The finely distributed droplets sink down slowly, binding parts of shells and lecithins to them. The degummed water collects in the conical end of the neutraliser and can be drained off there.
Neutralisation prevents changes to the taste of the oil and extends its shelf life. Caustic soda (sodium hydroxide) is sprayed onto the surface of the oil to transform free fatty acids into water-soluble soap, which is then drained off at the conical end of the neutraliser.
During the bleaching process, metal trace elements, sterols and undesirable natural dyes are removed from the oil. The oil is first "dried", then well mixed with the bleaching clay to produce an optimum suspension to bind the quality-deteriorating particles to the bleaching clay. Finally the suspension is filtered through a plate filter and the contaminated bleaching clay is separated. The bleached oil, also known as semi-raffinate, is produced as the filtrate.
In the deodorisation process, also known as vaporisation, all the unwanted taste and odorous substances and the remaining fatty acids are removed from the oil. This process is performed at high temperatures and under vacuum.
Hot water is sprayed into the heated oil, and, as it escapes, unwanted substances, like peroxides, pollutants and other volatile substances, are carried off with it.
Refining is completed once the oil has cooled down to room temperature and been cleaned through a polishing filter.
Centrifuges are used – making use of their centrifugal force – in the production of edible fats and oils to separate the components of suspensions and emulsions.
At Florin AG, this separation process is used for the following three processes:
Winterisation is a purely physical process, in which the parts of the oil that melt at a higher temperature are separated from the main volume. Turbidity (crystals) in the oil is prevented and the winterised oil remains clear even at refrigerator temperatures.
The use of this process is restricted to oils that have a relatively low content of free fatty acids (FFA), as otherwise the loss of oil would be too great. Correspondingly, Florin AG uses dewaxing/winterisation for the production of sunflower oil and high oleic sunflower oil.
During neutralisation, the crude oil is heated to the optimum process temperature and citric acid is added to condition the non-hydrogenable phosphatides.
Additionally, diluted sodium hydroxide neutralises the free fatty acids and the phosphatides are bound with sufficient water.
The heated oil is added to the first centrifuge to separate off the soap stock. Any remaining traces of soap are removed by washing the neutral oil with hot water and are then separated from the oil in the second centrifuge. The remaining moisture is further reduced with the aid of a vacuum drier.

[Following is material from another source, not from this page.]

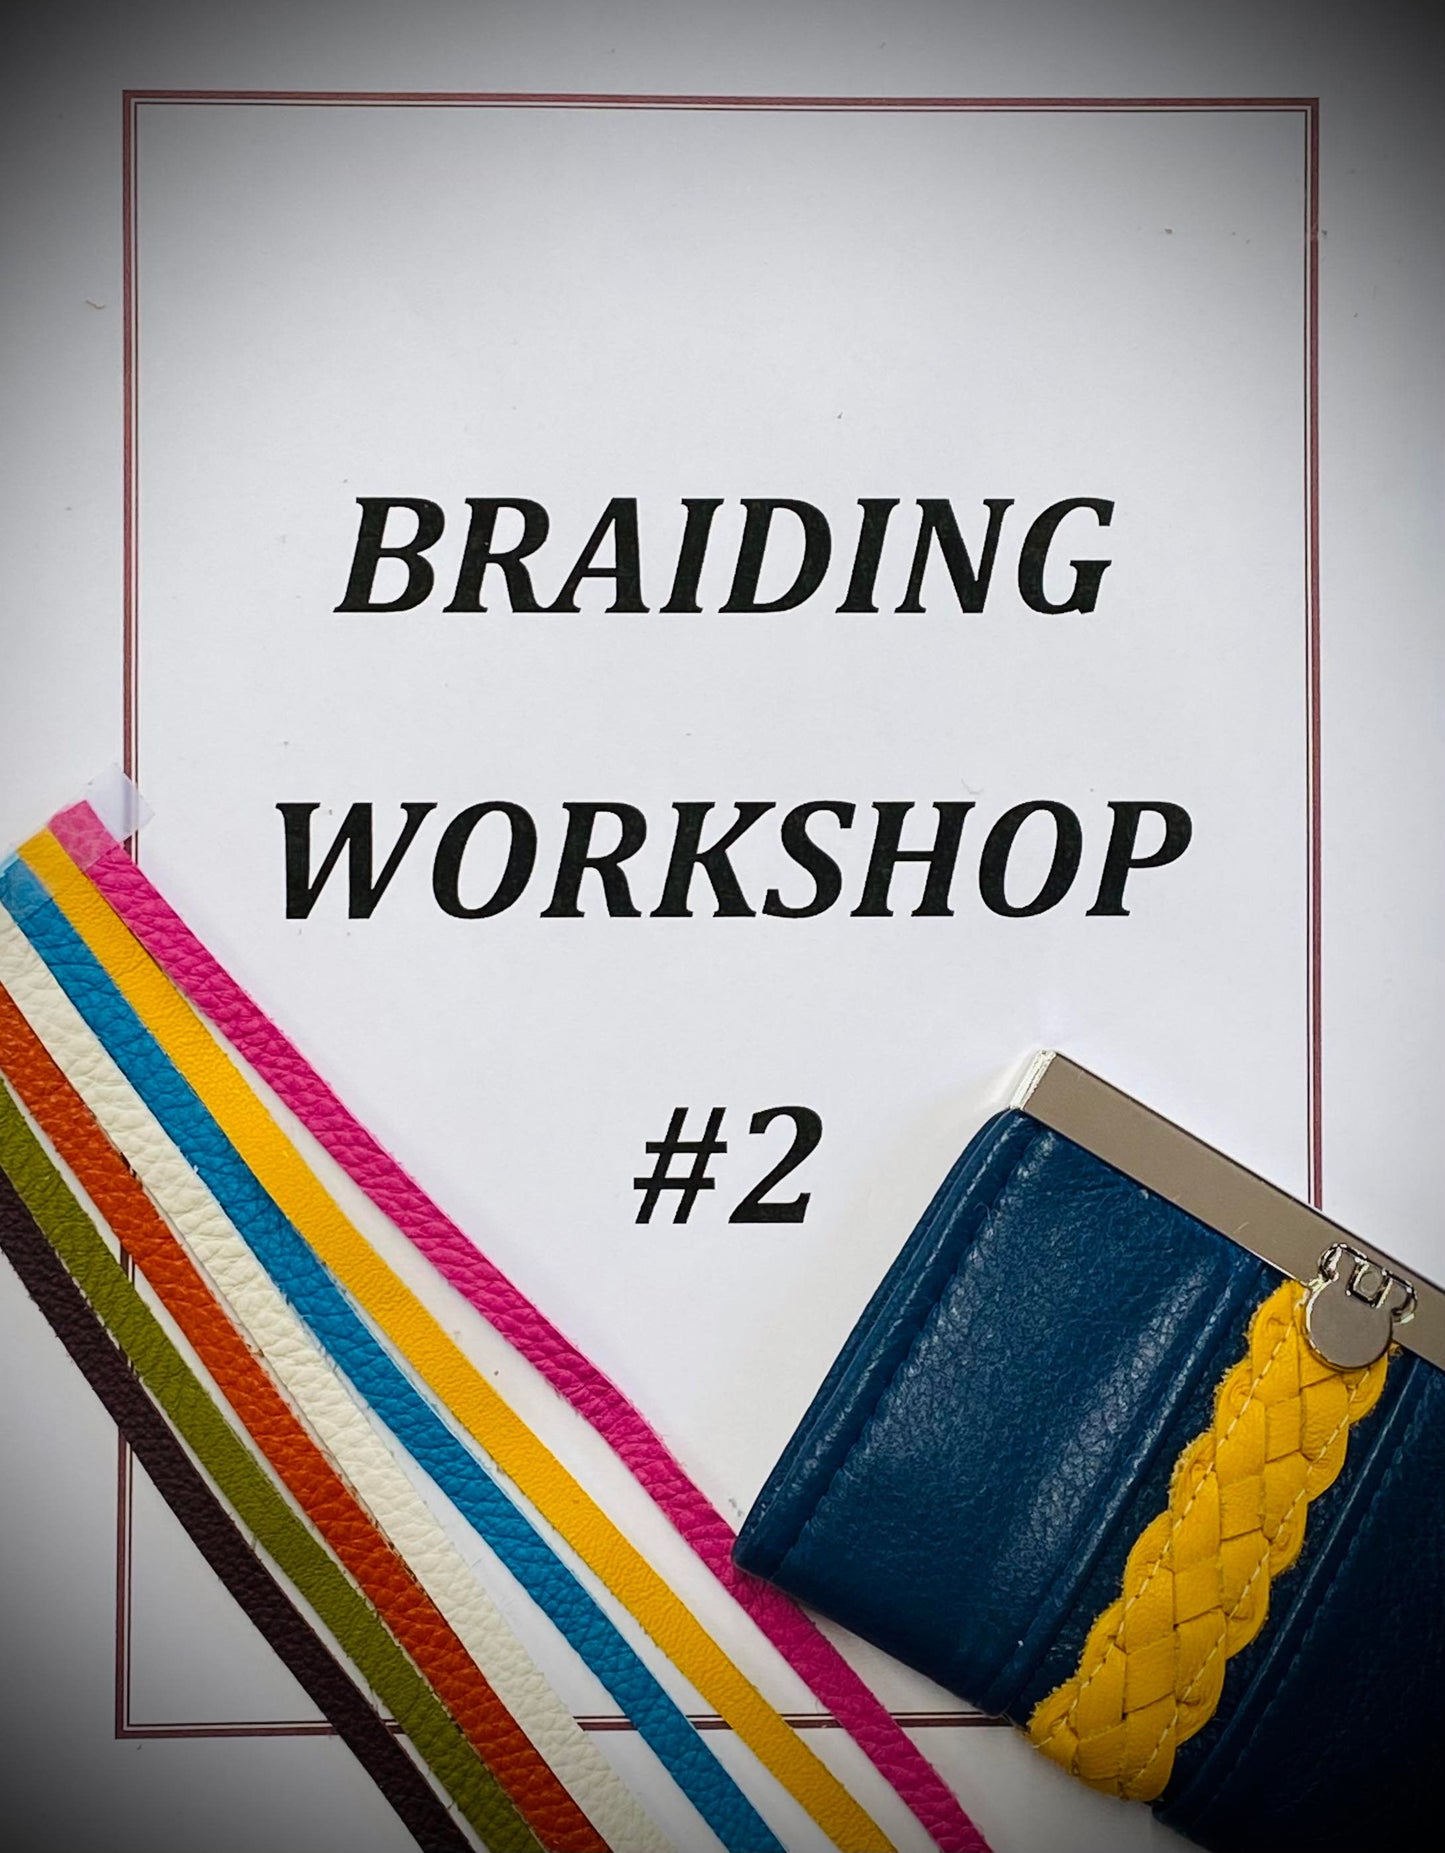 Braiding Workshop #2- Session 3

Citric acid is added to the crude oil, which has been heated to an optimum process temperature. After a short idle time, a proportion of the citric acid is neutralised with diluted sodium hydroxide and water is added to hydrate the phosphatides, if necessary.
Both are mixed together in the mixer and the gum is separated from the oil in a centrifuge.
As very fine particles of phosphatide cannot be separated, a specific quantity of water is added to the oil, mixed in the mixer and passed into the high-performance washing separator, which separates fine particles from the water on account of its extremely high centrifugal force.
To prevent losses of oil, this phase is returned to the first centrifuge where the fine gum particles can be separated off with the remaining phosphatides. The oil degummed in this way is then dried and further processed.
The ideal melting point of a fat is deemed to be when its solidity is guaranteed at specific temperatures.
It is possible to choose between the following three processes to change the dropping point:
Hydrogenation – also known as hardening – affects the fatty acid spectrum, which has a direct impact on the melting properties. Hydrogen is added to the oil or fat, which – with the involvement of a catalyst – transforms the unsaturated fatty acids into saturated fatty acids. This chemical transformation raises the dropping point. The more unsaturated fatty acids are converted into saturated fatty acids, the higher is the dropping point.
Melted fat is cooled down during fractionation. It forms a suspension of stearin and olein. The stearin is separated from the olein, depending on the solidity required.
In transesterification, the fatty acids are evenly distributed in the fat molecule, which also impacts its melting properties and produces homogeneous, smoother products.
Margarine is produced in a closed system under hygienic conditions.
The workflow is sub-divided into the following phases:
Refined edible oils, fats and water are mixed in a precisely defined ratio so that the end product has the precise properties required.
The solid and semi-solid fats are heated and liquefied. Lipophilic ingredients, such as vitamins and emulsifiers, are added to the fat composition.
The fat phase consists of a blend of solid vegetable fats and oils and possibly smaller quantities of hardened fats/oils, which give the margarine the necessary hardness and required spreading behaviour at room temperature.
Lecithin or special emulsifiers improve the product's frying properties, carotene gives the margarine its delicate yellow appearance, natural flavouring improves its taste while vitamins improve its nutritional value.
The ingredients of the fat phase of margarine consist of sunflower oil,.rapeseed oil, palm oil, soya oil, coconut fat, palm kernel fat, lecithin, mono- and diglycerides, (emulsifiers), carotene, vitamins A, D, E, and flavourings.
Separately from this, water is mixed with different ingredients and traces of salt are added to further enhance the flavour and, in some cases, also citric acid to adjust the acidity level and the pleasingly fresh taste.
The ingredients for the water phase of the margarine consist of water, skimmed milk, curdled milk, salt, flavourings and citric acid. The liquid fat phase, which has been heated to 60°C and the water phase are mixed in the kettle to form an emulsion with the aid of an emulsifier. The emulsion is heated to 80°C in a pasteuriser for enhanced product safety. The liquid emulsion is then fed into the pipe cooler under high pressure.
The real heart of margarine production, the pipe cooler, comes into its own here. It consists of multiple cylinders (cooling pipes), cooled from outside, in which a shaft equipped with scraping knives rotates (crystalliser).
As it passes through the pipes cooled to minus 20°C, the mixture of the fat and water phase solidifies to form a thin layer and is then scraped off by the scraping knives.
The margarine is collected and the "crystallisation and scraping" phase repeated as often as is necessary to obtain the required product properties and desired consistency.
The margarine is then conveyed through the resting tube for between 5 and 20 minutes for further crystallisation.
It is then shaped, cut and packaged either as 1 kg or 5 kg blocks or 2 kg plates directly thereafter. The products are then stored at 10°C, 17°C or 23°C for approximately 10 days to mature. The crystals are kept larger (higher temperature) or smaller during this time, depending on the temperature. The margarine, thus produced, is then used in bakeries, kitchens or in industry.